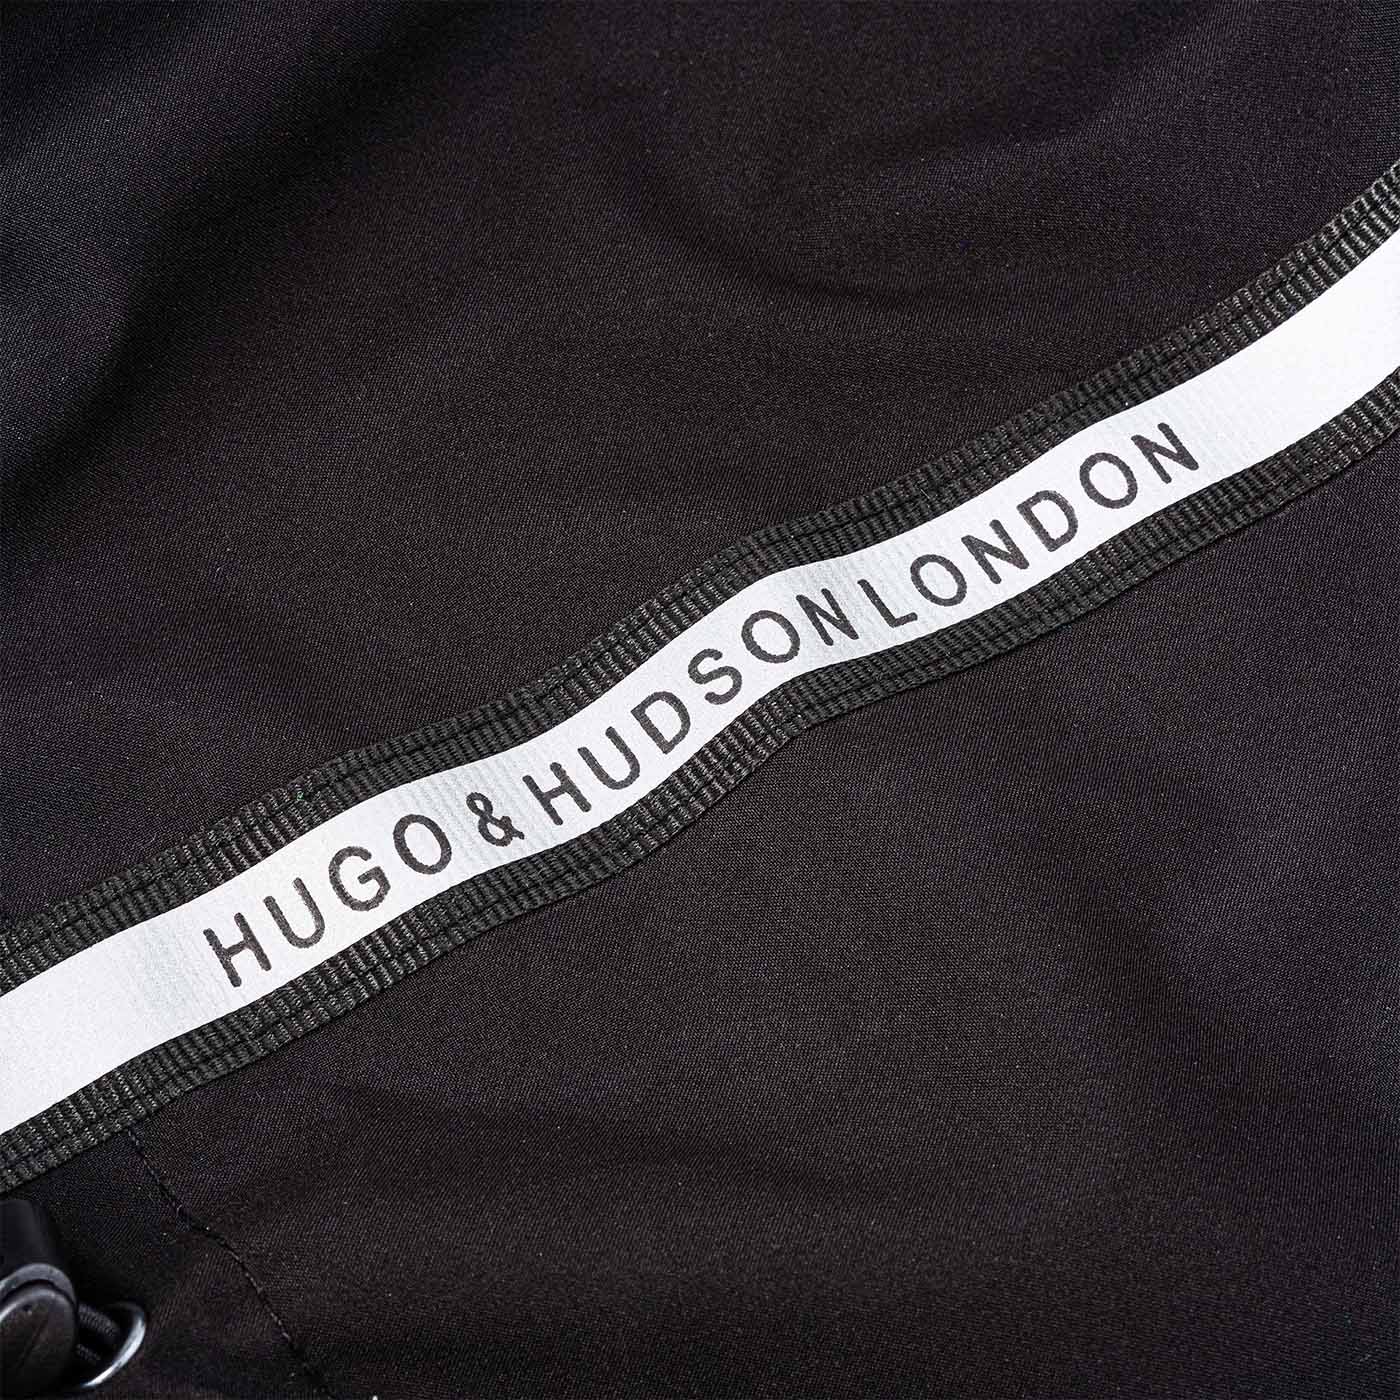 Hugo & Hudson Reflective Hooded Dog Overalls
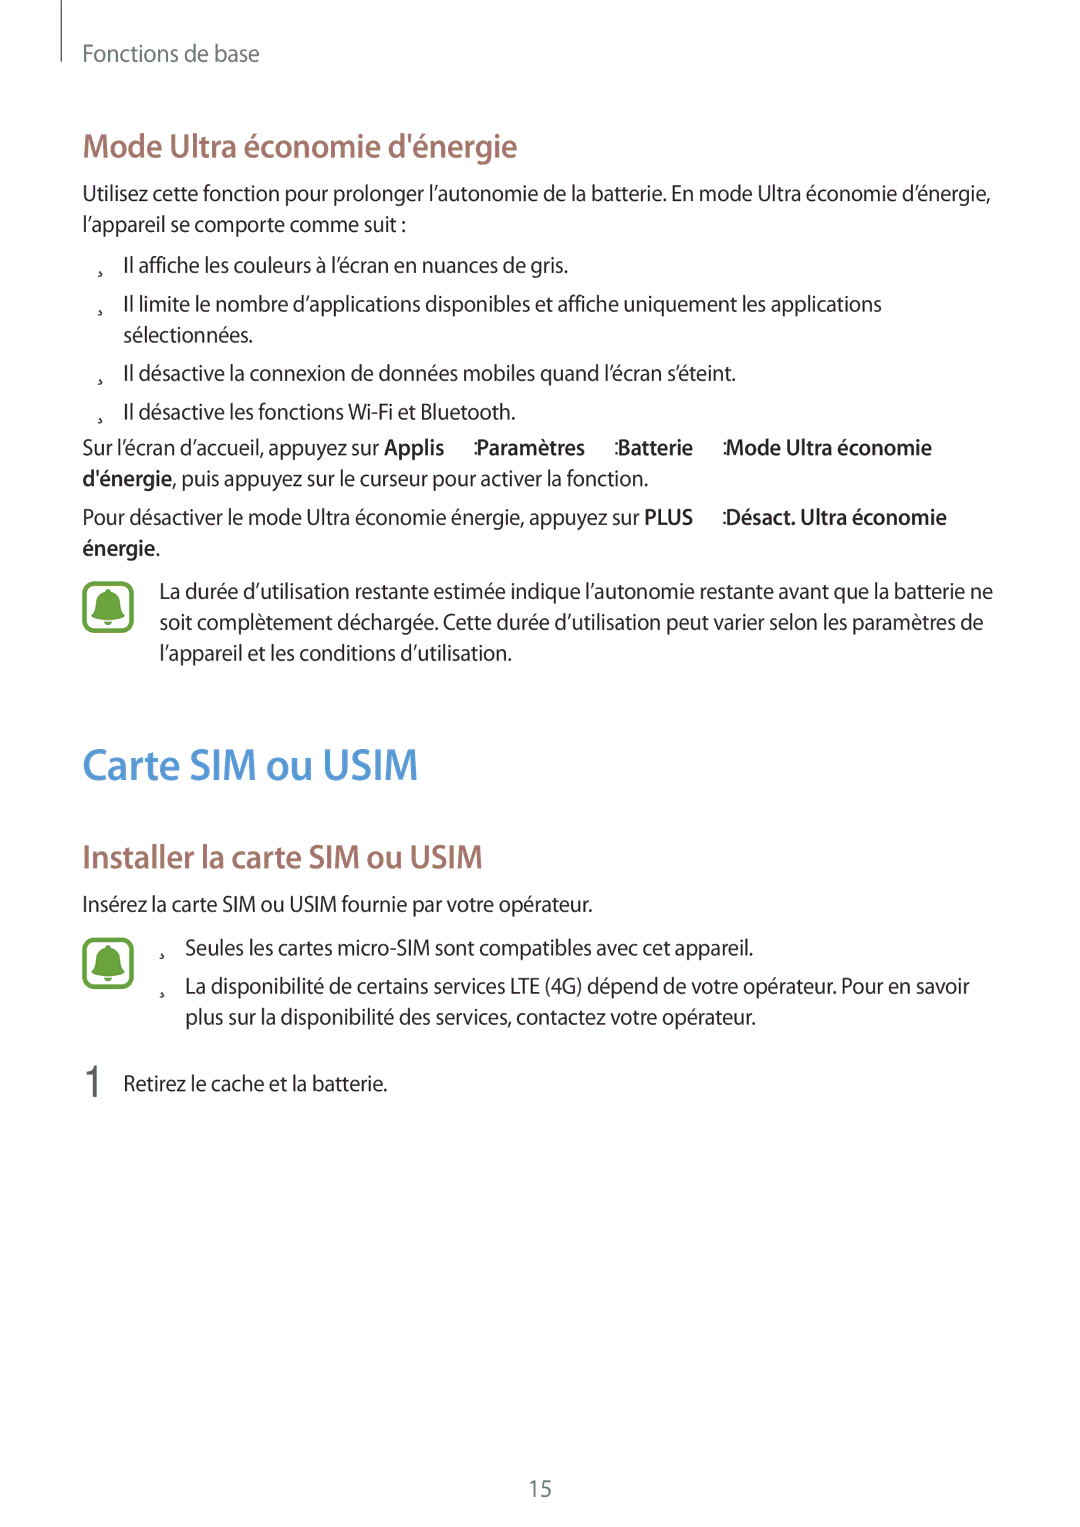 Samsung SM-G903FZSAXEF, SM-G903FZKAXEF Carte SIM ou Usim, Mode Ultra économie dénergie, Installer la carte SIM ou Usim 
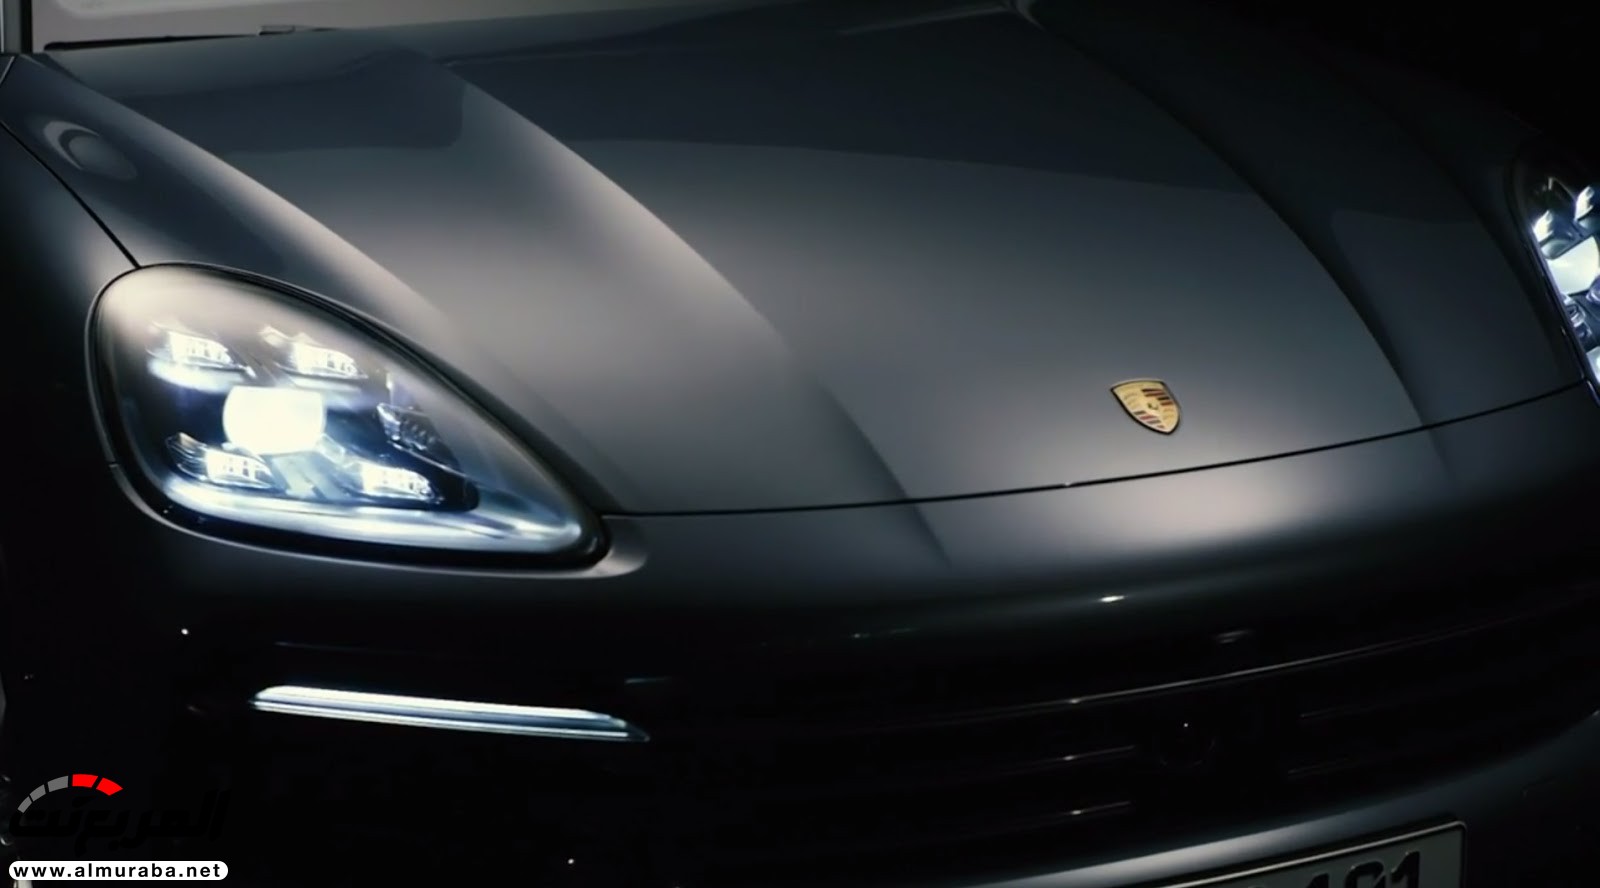 بورش كايين 2018 الشكل الجديد "تقرير ومواصفات والأسعار الرسمية في السعودية" Porsche Cayenne 54

§ §

**Problem to work on**: Pictures are to be omitted; otherwise, write out the data exactly as it appears.

**Answer box**:
 Hugo & Hudson Reflective Hooded Dog Overalls
 Samsung SM-G903FZSAXEF, SM-G903FZKAXEF Carte SIM ou Usim, Mode Ultra économie dénergie, Installer la carte SIM ou Usim 
 بورش كايين 2018 الشكل الجديد "تقرير ومواصفات والأسعار الرسمية في السعودية" Porsche Cayenne 54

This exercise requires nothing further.